Selon cette tendance, la stabilité régionale passerait nécessairement par un processus de «balkanisation», une fragmentation politique qui représenterait de façon plus «naturelle» la réalité locale de la division communautaire en créant de nouveaux États dont la composition ethnique ou confessionnelle serait plus homogène. D’ailleurs, l’expérience de la crise des Balkans paraît être une référence clé dans les cercles décisionnels américains. Les accords de Dayton et l’émergence d’États indépendants en Bosnie, Serbie et Croatie représenteraient un modèle à suivre pour déterminer l’avenir du Moyen-Orient.
Quelle est la logique derrière cette position? Lors d’une entrevue parue dans la revue The Atlantic, Barack Obama, présentant un bilan sur sa politique étrangère, identifiait comme obstacle majeur dans la région le pouvoir obstiné du «tribalisme» – utilisé dans un sens large englobant les divisions tribales, ethniques et confessionnelles. Le tribalisme représenterait une donnée fondamentale, un trait distinctif de la région qui la condamnerait à l’instabilité chronique. C’est une croyance semblable en la pérennité du tribalisme, particulièrement répandue dans les cercles intellectuels américains, qui semble motiver les interventions discutées précédemment.

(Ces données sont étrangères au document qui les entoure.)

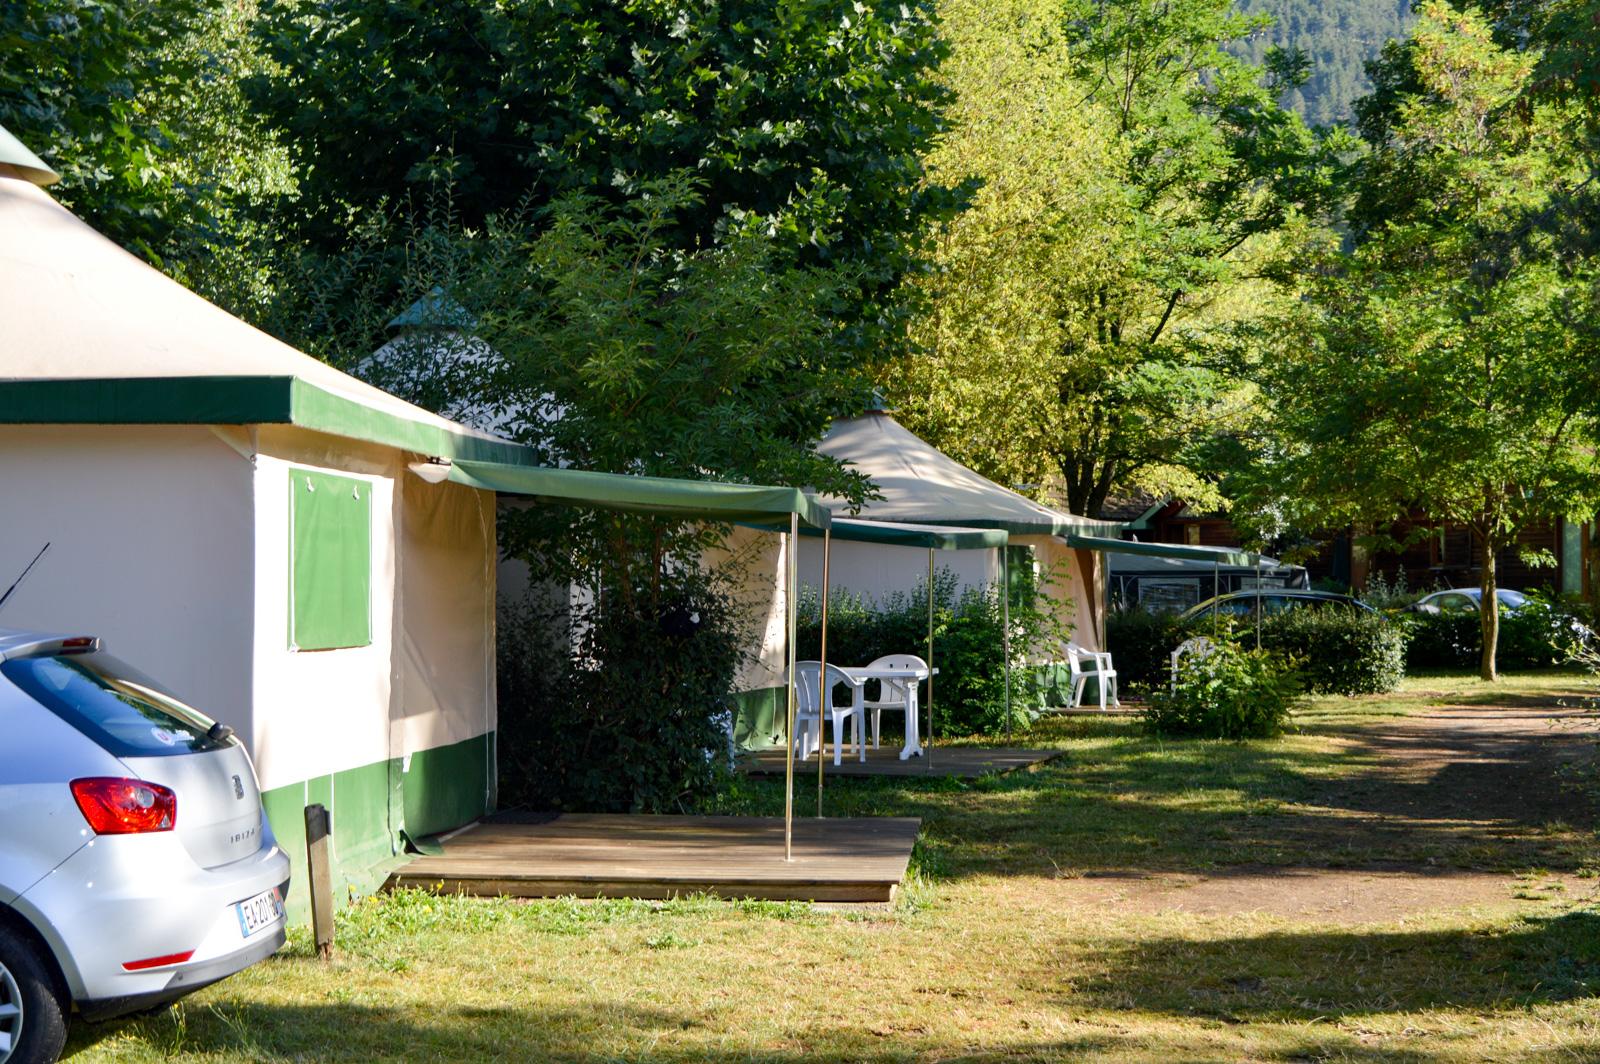 Our rentals : chalets and Bengali tents - Camping du Pré Morjal

Solidarités et identités en mouvement
D’un point de vue sociologique, il semble peu pertinent de distinguer ce tribalisme d’autres expressions de «solidarités primaires» (c’est-à-dire les liens sociaux de proximité tels que la famille, la localité, la religion, etc.) dont les logiques sont loin d’opérer exclusivement dans le «monde arabo-musulman». Même les sociétés nord-américaines ne sont pas exemptes de phénomènes semblables. Il suffit de mentionner la succession au pouvoir des «dynasties» politiques : Bush, Clinton ou Trudeau. De ce point de vue, l’administration Trump semble avoir peu de leçons à donner, compte tenu des rôles clés qu’occupent Ivanka Trump (sa fille) et Jared Kushner (le conjoint de cette dernière) au sein de la nouvelle administration américaine. D’ailleurs, il est de plus en plus commun aujourd’hui de relever le caractère clanique de la politique américaine.

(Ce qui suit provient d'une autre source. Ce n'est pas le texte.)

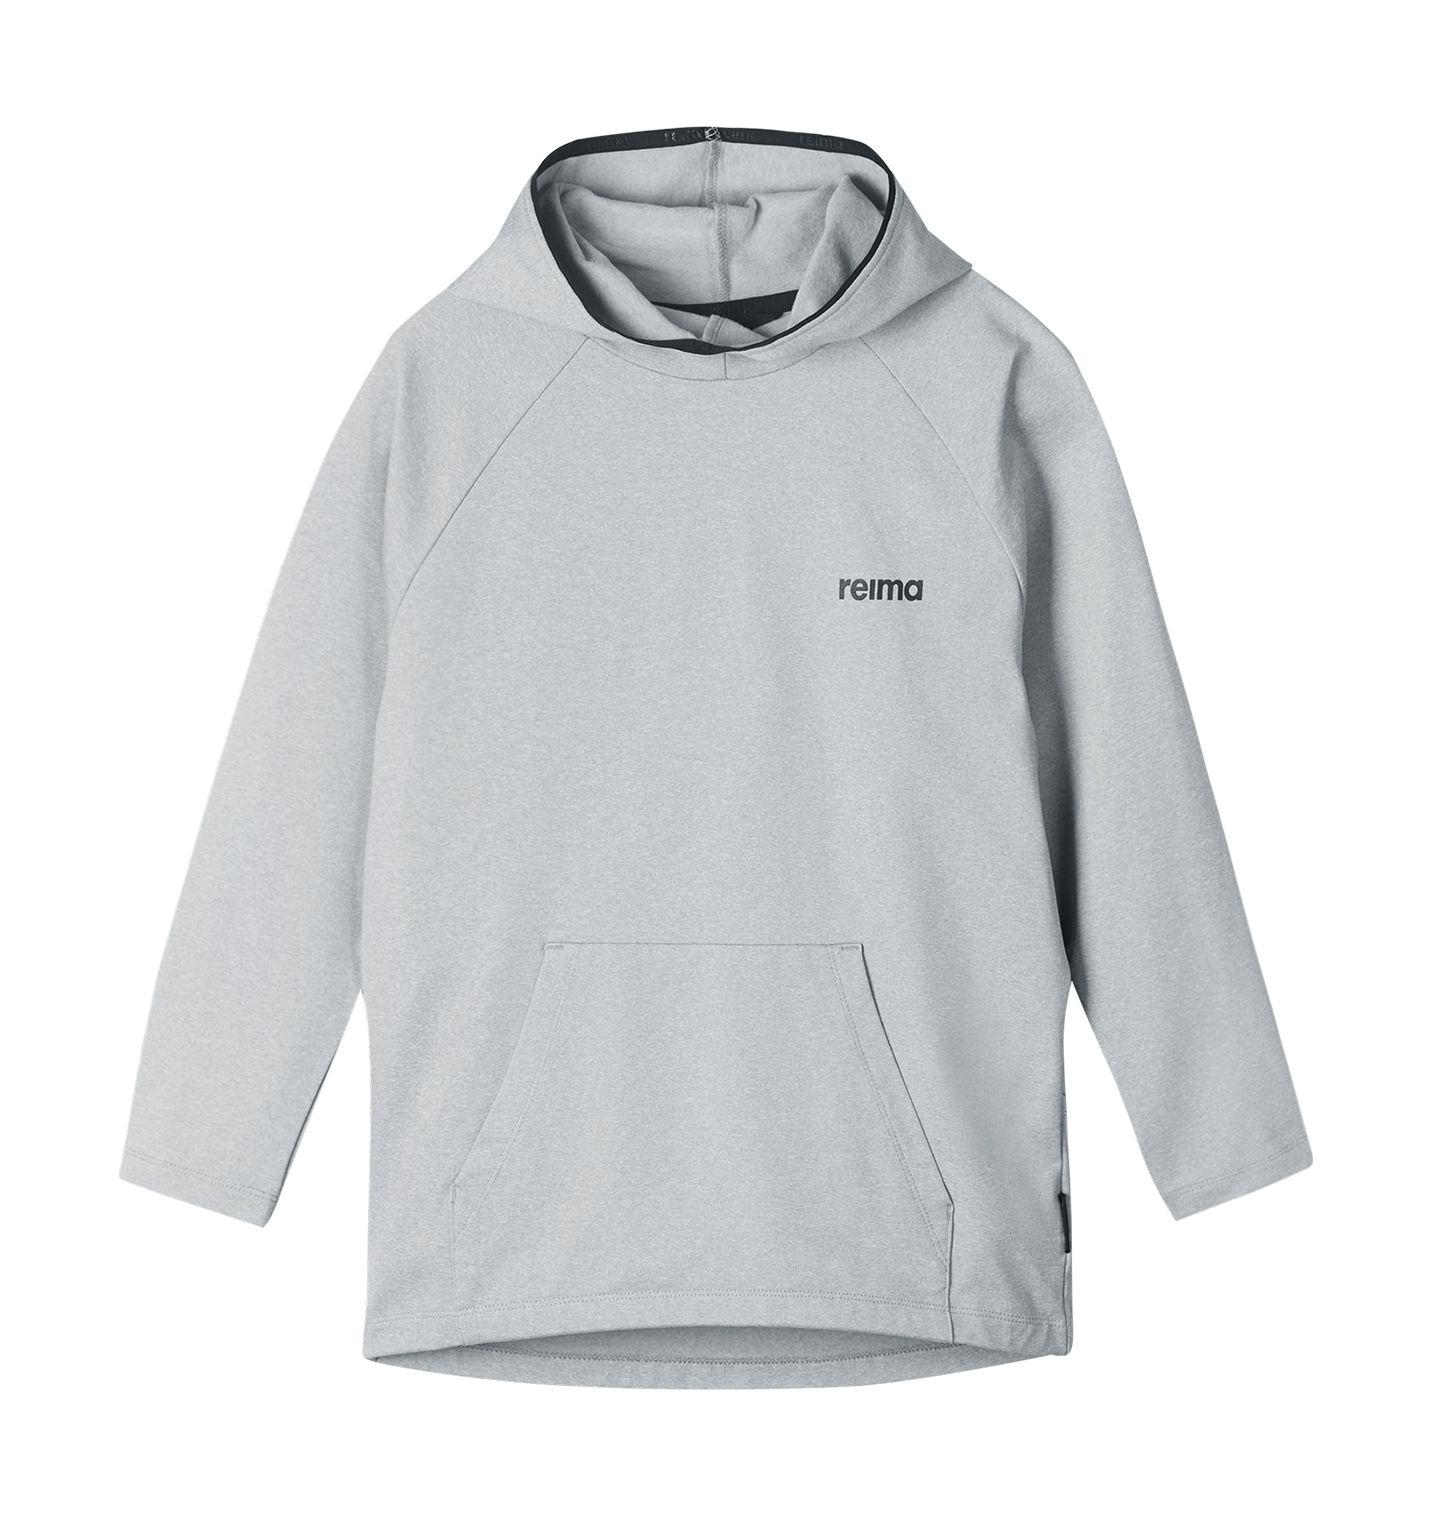 REIMA Funtsi Melange Grey 140

Soulignons plutôt que ces formes de solidarités sont en constant changement, évoluant au gré des transformations politiques et économiques. Il est à noter que l’opposition au régime Assad apparaissait, à l’origine du conflit, comme relativement multiethnique et multiconfessionelle. Ce n’est que par la suite qu’elle a développé l’aspect «tribal» qui semble aujourd’hui la définir. La propagande sectaire du régime, qui s’est présenté comme le champion des minorités face au prétendu terrorisme de l’opposition sunnite, a grandement contribué à cette fragmentation.

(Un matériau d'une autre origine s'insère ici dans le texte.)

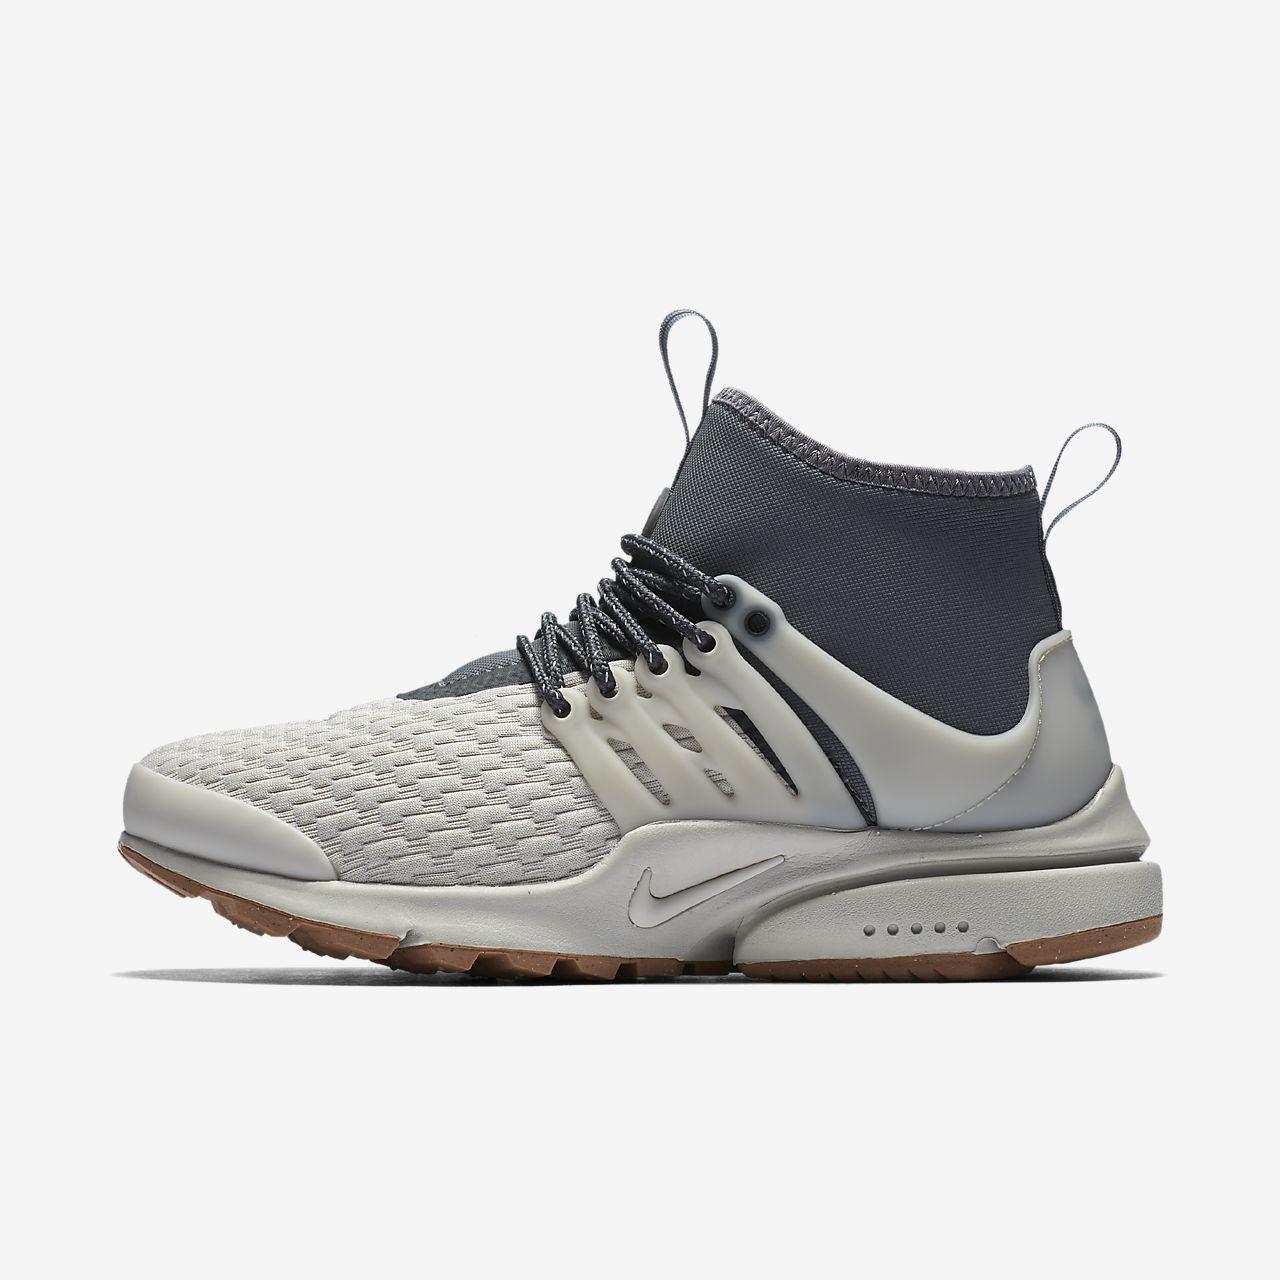 ... Nike Air Presto Mid Utility Premium Women\u0027s Shoe

Finalement, lorsque l’on adopte une perspective plus large, l’équation entre tribalisme et instabilité est soudainement moins convaincante. Par exemple, la Jordanie n’est que périphériquement touchée par la soi-disant crise de l’État-nation alors qu’elle représente probablement l’État le plus artificiel de la région – guère plus qu’un rassemblement de tribus sous un même drapeau. La reproduction de solidarités primaires n’apparaît pas, du moins dans ce cas, comme un phénomène opposé à la construction étatique.
Que faire?
Doit-on s’opposer à tout projet de partition en Syrie? Il semble que, dans le cas du Kurdistan, l’autonomie territoriale représente un fait accompli qu’il serait difficile de nier. De plus, si la reconsolidation de la Syrie passe par le régime Assad, l’option n’apparaît guère mieux. Il y a encore la question du sort de la minorité alaouite, associée au régime, qui pourrait potentiellement faire l’objet d’une vengeance si le régime vient à se retirer (ce qui parait invraisemblable). Dans cette perspective, la partition pourrait s’avérer être l’option la plus plausible même si elle est loin de représenter une panacée. Celle-ci doit néanmoins se faire en collaboration avec les populations locales et en soustrayant les présupposés néo-orientalistes qui animent le présent débat.